Archive for Tuesday, July 22, 2008

I’m going into witness protection…

Grammar note: this post replaces all gender-specific pronouns with “them” or “they.” Many apologies to those of you whom this grates upon. 

After a period of time, people naturally fall away from your group for a variety of reasons. As the person in charge, I constantly try to make sure that the theater is an environment people love as much as I do, so when someone leaves, I always go into a mode of “OK… what could I have done better?”

The reasons people give for leaving are just like the reasons people give when they break off any relationship. “It’s not you… it’s me.” I have a tendency to not believe that reason… at first. However, taken on a case-by-case basis, I find that the reasons people give are generally genuine.

At this point in Roving Imp history, over the past year, I’ve had a total of 22 people who have at one point called themselves an Imp. Of those, I still have 13 as active members. So over the first year and a third, that’s a drop rate of 41%. I have no idea where that might be in the whole spectrum of first-year performance groups with bi-weekly performances… at most points, it has seemed high. Right now, it doesn’t seem so bad.

As examples, here are the following real-life reasons, along with my suspicion of the real reason, with all names taken away, as I still really like and respect these people.

Person A: Stopped coming, and then said they had to quit to take care of familial obligations.  I think this one was true. I knew something of their personal life, and think this one was honest. Hooray!

Person B: Said they had to quit to take care of familial obligations. I think this one was also true. It seems that having to quit because of family changes is a common one.

Person C: Just stopped coming, with no communication at all. I have no idea what the reason might be… other than the fact that this person lived kind of far away. Maybe they didn’t feel like they fit in. Who knows? I would like to know. I do know that the “let’s avoid confrontation by just not going anymore” is the most frustrating for me. Lots of people have done it… and why not? For the person not coming back, it’s a super easy way to do it. No fuss, no muss, no risk. For me, however, it sucks the Royal Teat. I realize that you’re a performer, and not necessarily organized, and not necessarily prone to good communication, but if you know you’re not coming back, just let me know so I stop wasting mental energy on you. I hope they aren’t dead.

Person D: Just stopped coming, and said they were going to come back once things settled down with their personal life. This first part was true. Their personal life was all over the place, though they still haven’t come back. I will take this opportunity to put forth my Absence Theory: In my experience, if someone that has been a regular in your group leaves and is gone more than a month, they’re not coming back.

Person E: Just stopped coming. After a couple months, I happened to run into them, and they said their job switched days, and that they’d like to come back once that changed. Probably true… but they still haven’t come back. See the Absence Theory.

Person F: Got too busy. I’m pretty sure this is true. This person is very talented, and very busy due to the fact that they seem to have a tiny issue with overcommitment, much as I had when I was in my early 20s… when I would say yes to almost anything.
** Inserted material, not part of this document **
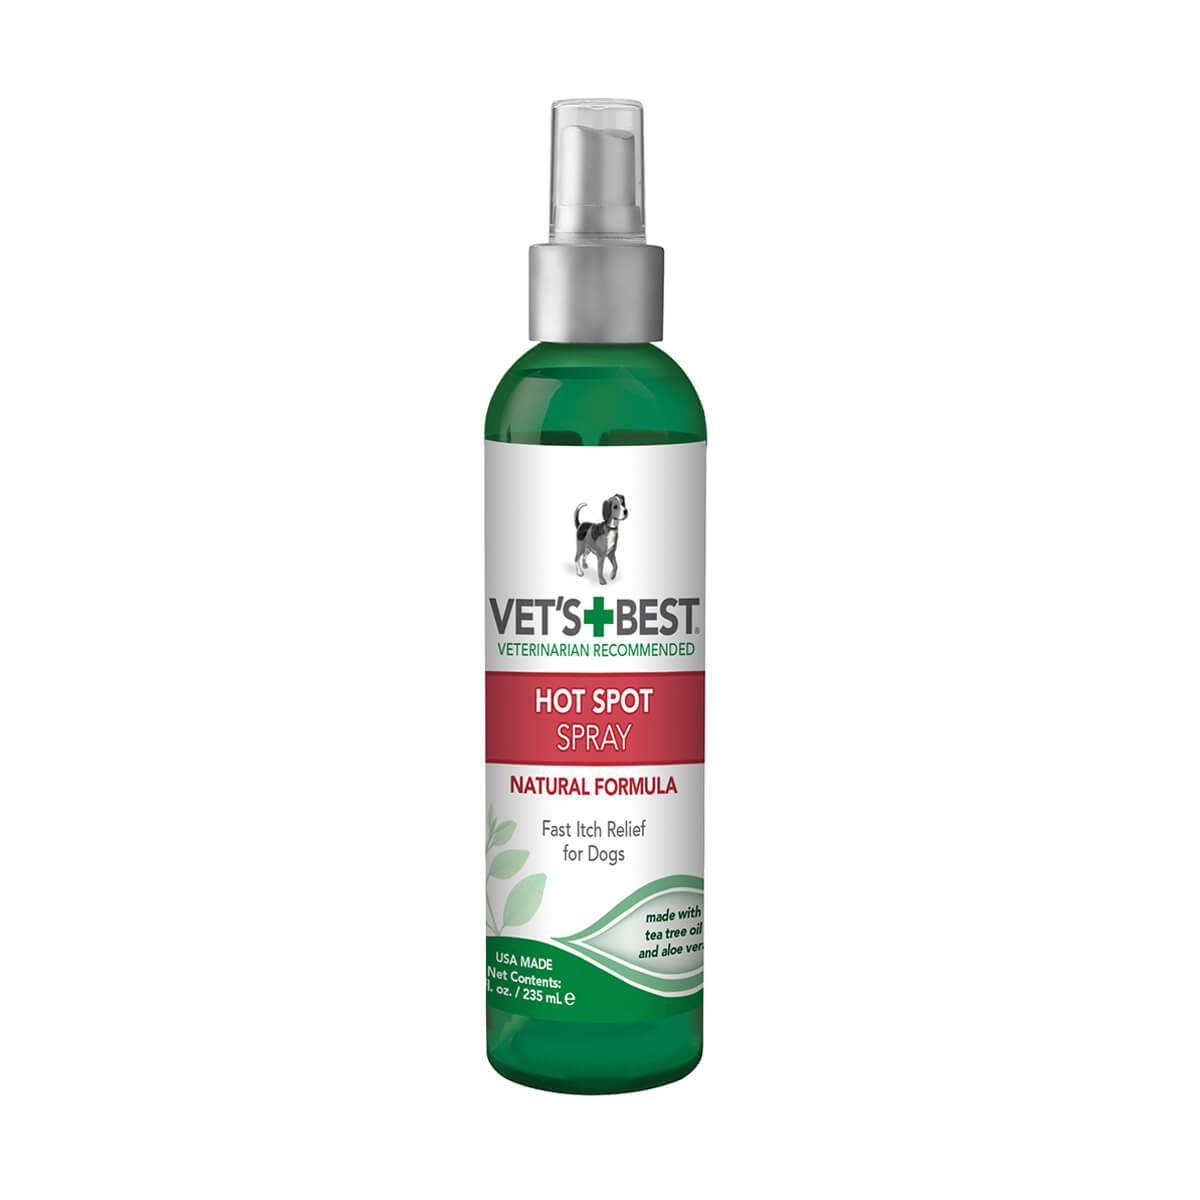 Vet's Best Hot Spot Spray Vet's Best Hot Spot Spray - 8oz

Person G: Got another acting job that would take them away for six months. I have no doubt that the reason is true, but I have doubts that they will return. We shall see if Absence Theory holds up.

Person H:  Left due to the fact that they got a job with a national touring company. I’m pretty sure it was true… it was too specific of a story to not be, and there was no reason to not be truthful.

Person I: Said their schedule was too busy. I suspect this statement was masking the actual reason. I was super relieved when this person made a point of thanking me for making them feel so welcome… Another group I have performed with has lost talented folks by not making them feel welcome or included. The day one talented person announced they were leaving, I talked with them and they said, “John, you were the only person my first day that came up and talked to me and went out of your way to be friendly.” That statement alarmed me, as I hadn’t realized that I had done anything… and I hadn’t realized that others weren’t talking to them. Since that time, I’ve tried to be super aware of including new folks and making them feel welcome.

So out of the nine, only one gave a reason I suspect to not be completely true, and one just disappeared. I like to think that I have an open and communicative atmosphere with the performers I work with. Other groups I work with get the old “I’m taking some time off,” when I think they were really feeling “I’m not having as much fun as I should be,” or “I’m not feeling necessary and/or appreciated.” I can think of five such examples of people using that reason in other groups in the past year. Have any of them returned after their time off? Please refer to the above Absence Theory. It hasn’t been proven wrong yet.

I never like it when someone leaves, but I understand that this kind of crazy life isn’t for everyone. Lots of people don’t realize it until they’ve been doing it for awhile. Weekly rehearsals and performances don’t fit into everyone’s life forever. Generally, I’m glad I got to share some fun, quality time with them, and wish them luck. And secretly hope that one day they’ll return, despite any theories to the contrary.